Source: https://qdrant.tech/documentation/concepts/payload/

This note captures how payload (metadata) behaves, what types are filterable, and which update operations matter.

## What payload is

- Payload is JSON metadata stored alongside vectors.
- Payload is central to:
  - filtering (constraints)
  - faceting / aggregations (counts)
  - application-level semantics (e.g., access control fields, timestamps, categories)

## Filterable payload types (what Qdrant expects)

The page documents payload types that participate in filtering:
- integer (64-bit)
- float (64-bit)
- bool
- keyword (string)
- geo (lon/lat object)
- datetime (RFC 3339 variants; UTC assumed if timezone missing)
- uuid (functionally similar to keyword, but stored as parsed UUID internally and can reduce RAM in payload-heavy setups)

Array semantics (high value):
- if a payload field is an array, a filter succeeds if **any element** satisfies the condition.

Practical rule:
- Keep payload types consistent per field; mismatched type means the condition is treated as not satisfied.

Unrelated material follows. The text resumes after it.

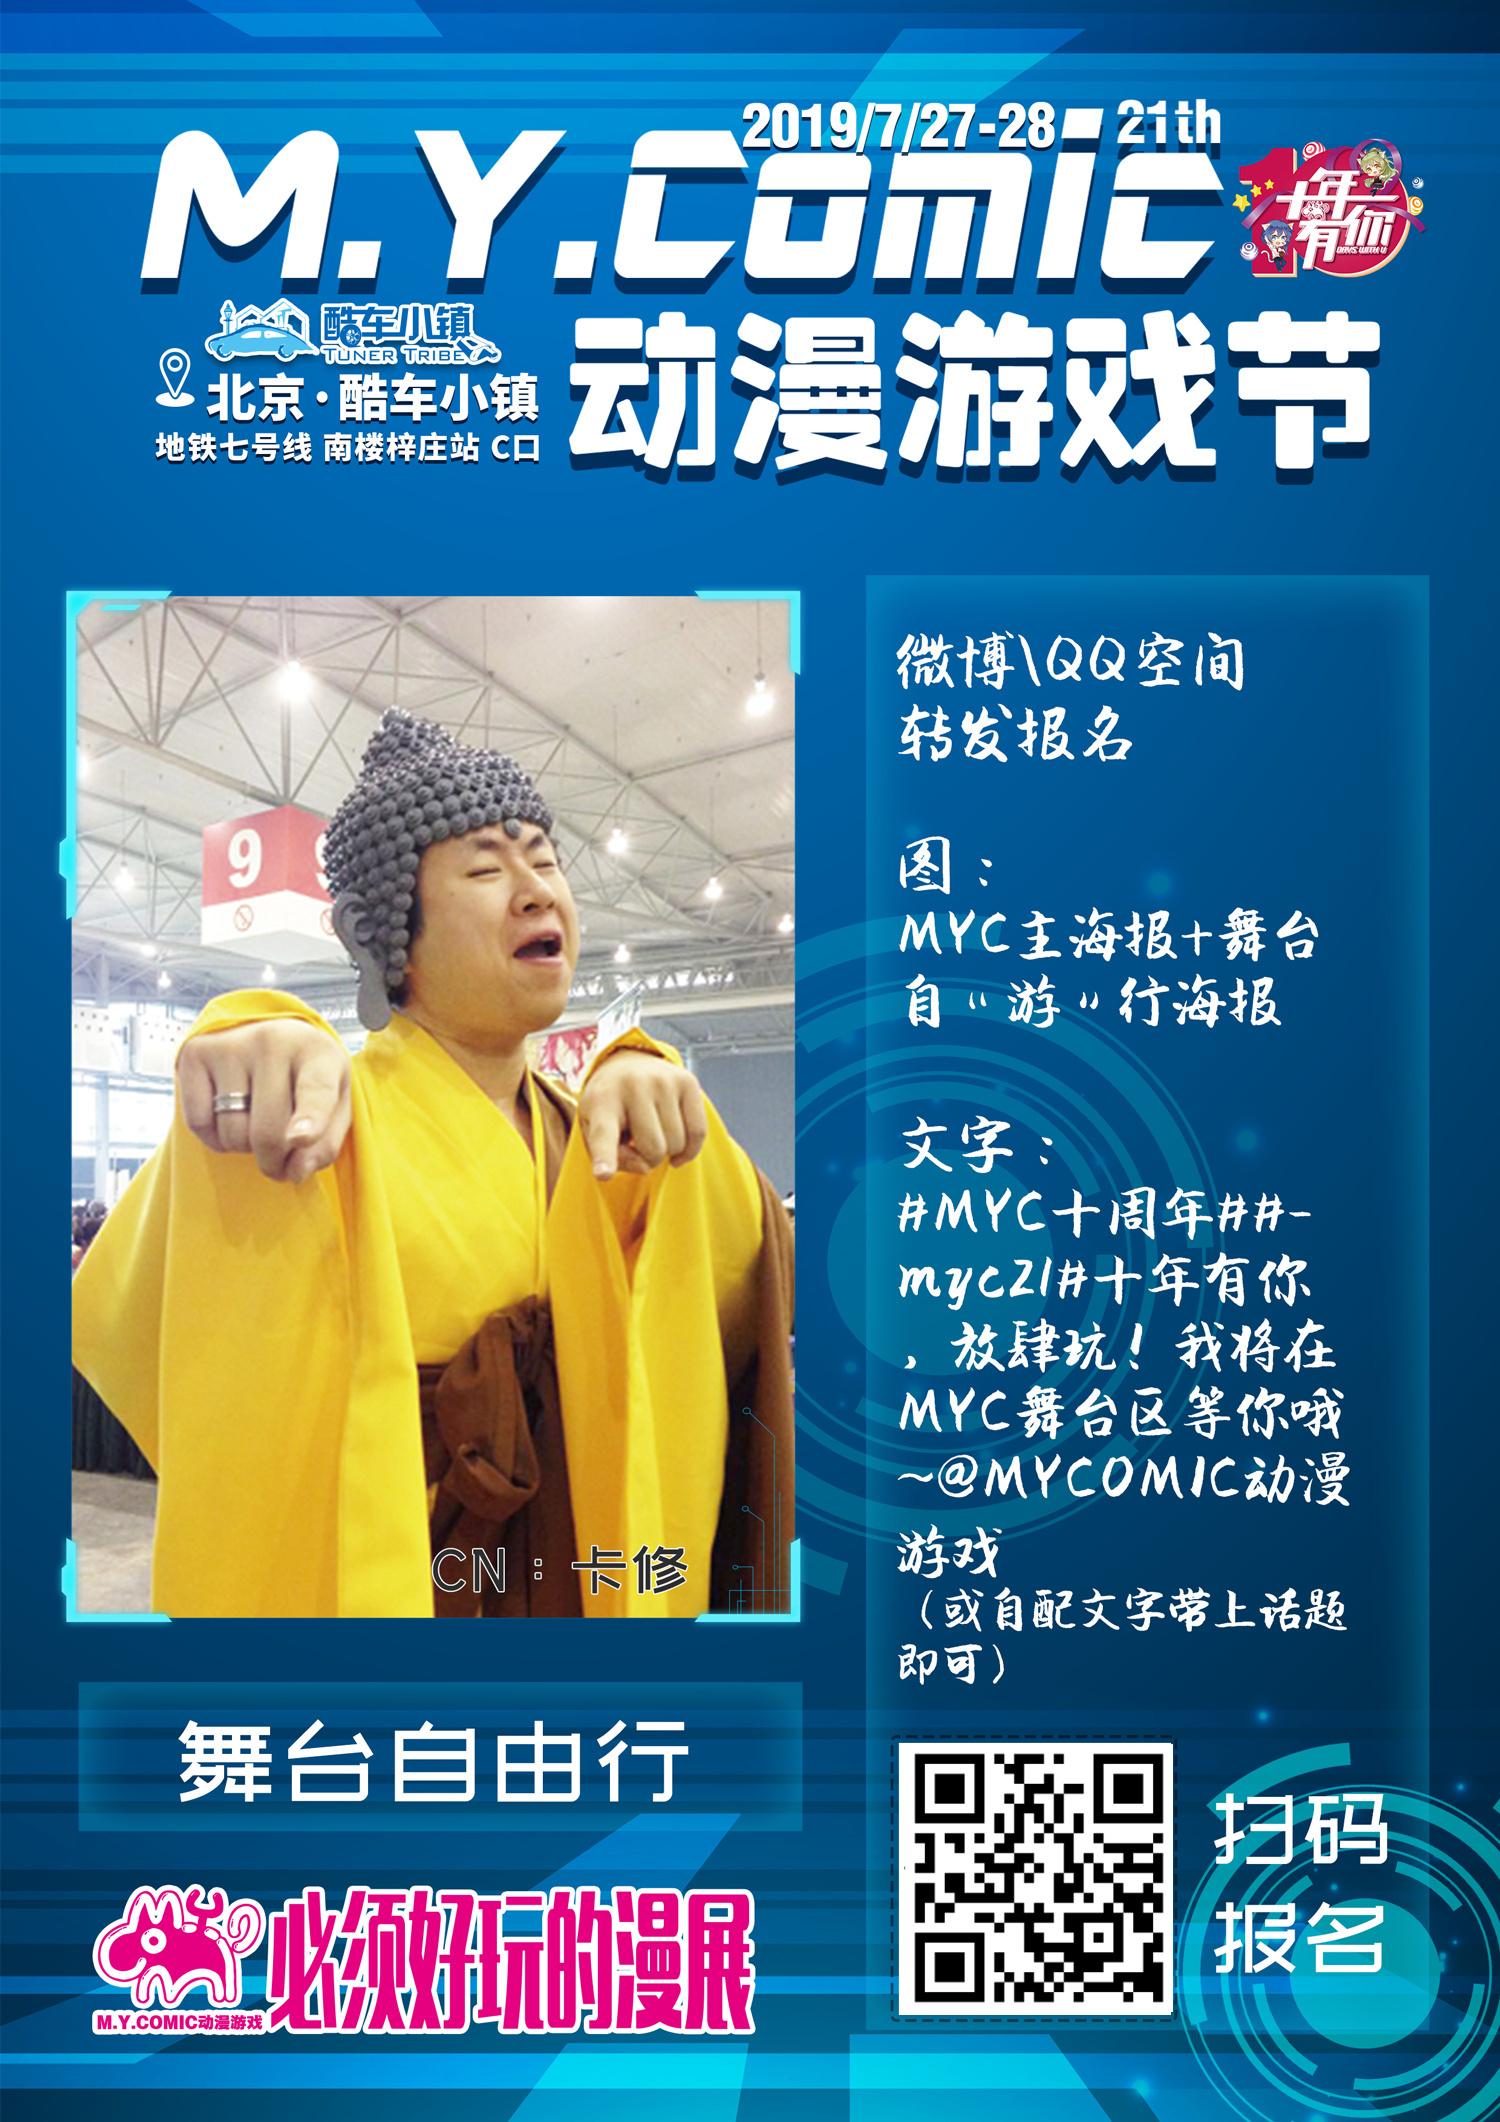 【MYC21】重磅嘉宾全线公开,这个暑假我们酷车小镇见!-ANICOGA

## Write patterns: attach payload at upsert

- Payload can be included during point upsert.
- Arrays are supported for multi-valued metadata.

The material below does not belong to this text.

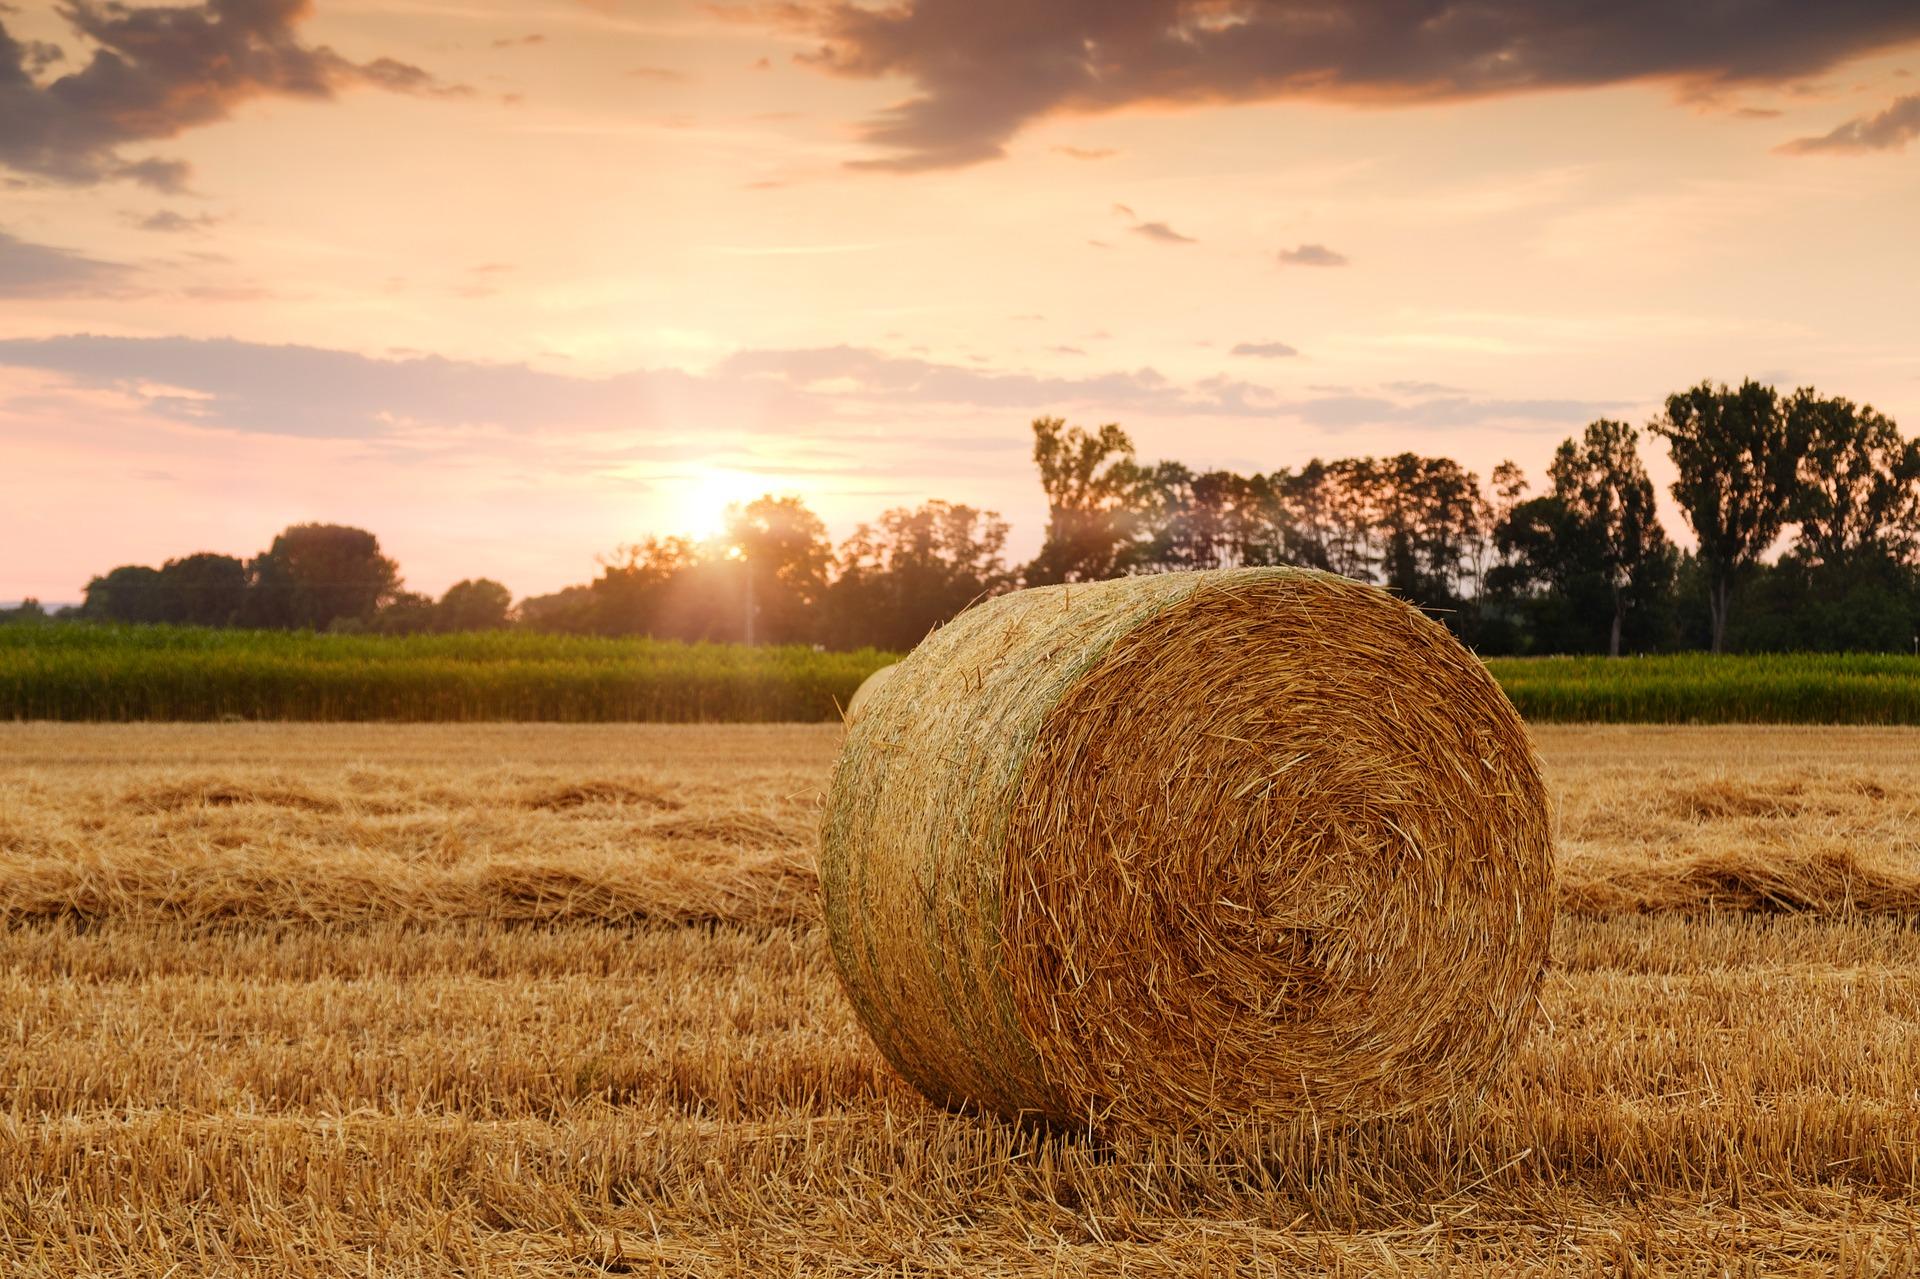 straw-bales-3521063_1920.jpg

## Updating payload: choose the right operation

The page distinguishes:
- **Set payload**: update only provided fields, keep others unchanged.
- **Overwrite payload**: replace the entire payload.
- **Clear payload**: remove all payload keys.
- **Delete payload keys**: remove only specific keys.

Selection patterns:
- by explicit point IDs
- by filter selector (bulk updates without knowing IDs)

Nested update convenience:
- the guide mentions a `key` parameter that allows modifying only a nested object under a particular top-level key.

## Payload indexing (practical guidance)

- For efficient filtered search, create indexes for payload fields (type-specific).
- The page recommends indexing fields that constrain results the most (often high-cardinality identifiers), and using the most restrictive index first in compound filters.

## Facet counts (useful for UX and query planning)

- Faceting is a GROUP BY-like counting aggregation over a field.
- The page states a field must have a compatible index (e.g., keyword index for MatchValue) to facet on it.
- Result size is limited by default; can be increased with a limit.
- Counts may be approximate by default; there is an `exact` option when you need precision.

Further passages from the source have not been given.